В этот период изучение древних текстов обрело огромный престиж. Оно казалось самой сутью учёного труда. По мере того как европейская учёность набирала обороты, оно становилось всё менее важным; к 1350 году тот, кто хотел изучать науку, мог найти учителей лучше, чем Аристотель в своё время. [1] Но школы меняются медленнее, чем наука. В XIX веке изучение древних текстов всё ещё было становым хребтом учебной программы.
Тогда-то и созрел вопрос: если изучение древних текстов — законное поле для учёности, то почему не современных текстов? Ответ, разумеется, в том, что изначальный смысл существования классической учёности — своего рода интеллектуальная археология, которую в случае современных авторов делать не нужно. Но по понятным причинам никто не хотел давать такой ответ. Поскольку археологическая работа была в основном проделана, это означало, что те, кто изучает классику, если и не тратят время попусту, то по крайней мере занимаются проблемами второстепенной важности.
Так началось изучение современной литературы. Поначалу было немало сопротивления. Похоже, первые курсы английской литературы предлагали более новые колледжи, особенно американские. Дартмут, Университет Вермонта, Амхерст и Университетский колледж Лондона преподавали английскую литературу уже в 1820-х.
Но в Гарварде не было профессора английской литературы до 1876 года, а в Оксфорде — до 1885-го. (В Оксфорде была кафедра китайского языка раньше, чем кафедра английского.) [2]
Чашу весов, по крайней мере в США, похоже, склонила идея о том, что профессора должны не только преподавать, но и вести исследования. Эта идея (вместе со степенью PhD, кафедрой и вообще всей концепцией современного университета) была заимствована из Германии в конце XIX века. Начавшись в Университете Джонса Хопкинса в 1876 году, новая модель быстро распространилась.

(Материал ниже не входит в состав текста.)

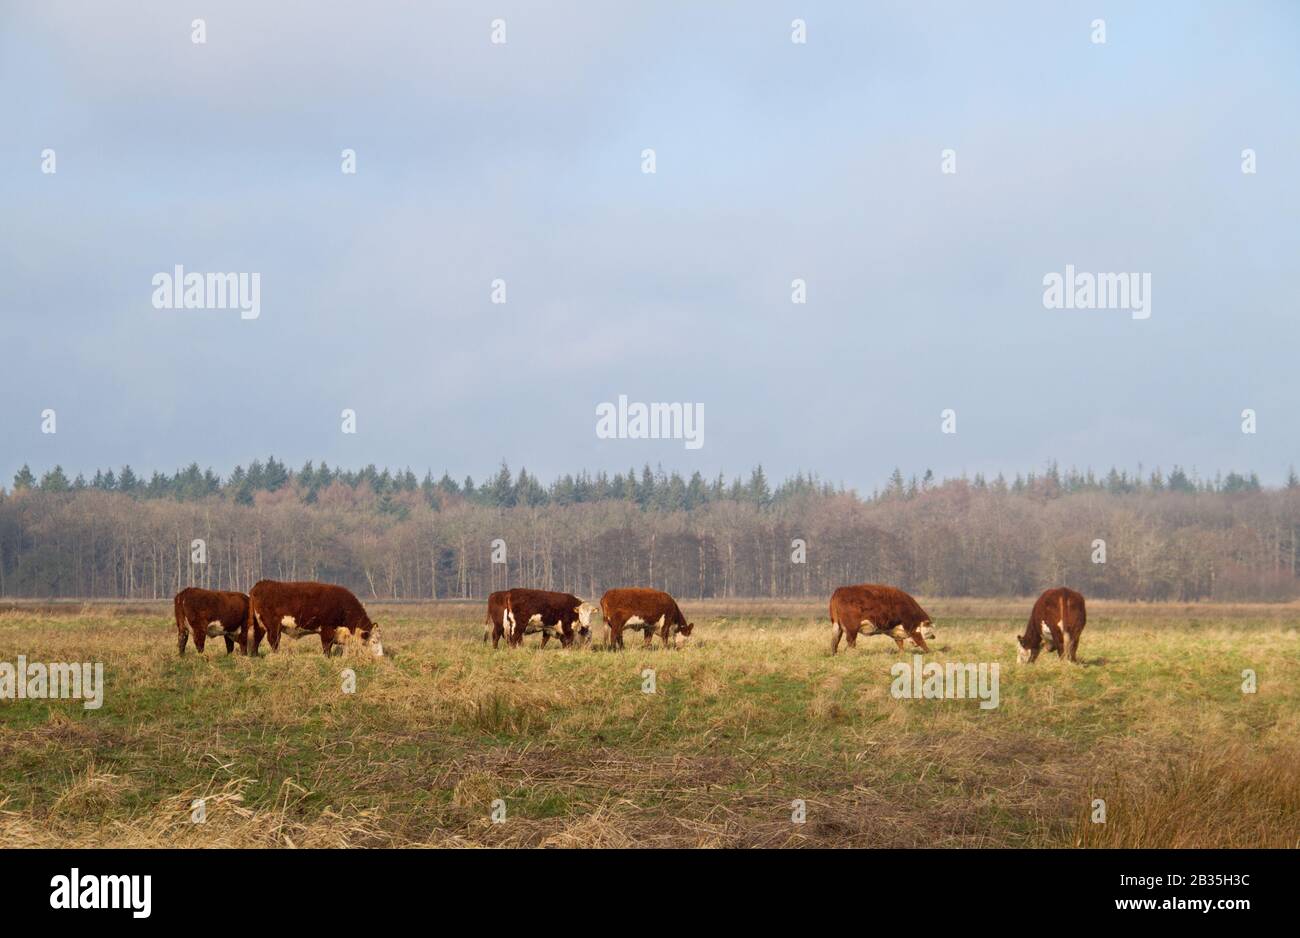 Hereford-cattle grazing in a Dutch nature reserve Stock Photo

Письмо стало одной из жертв. Колледжи давно преподавали английскую композицию. Но как вести исследования по композиции? От профессоров, преподающих математику, можно было требовать заниматься оригинальной математикой, от профессоров истории — писать научные статьи по истории, но как быть с профессорами, преподающими риторику или композицию? Что им исследовать? Ближе всего, казалось, была английская литература. [3]
И вот в конце XIX века преподавание письма унаследовали профессора английской литературы. У этого было два изъяна: (а) знаток литературы вовсе не обязан сам быть хорошим писателем, как историк искусства не обязан быть хорошим художником, и (б) предметом письма теперь всё чаще становится литература, ведь именно ею интересуется профессор.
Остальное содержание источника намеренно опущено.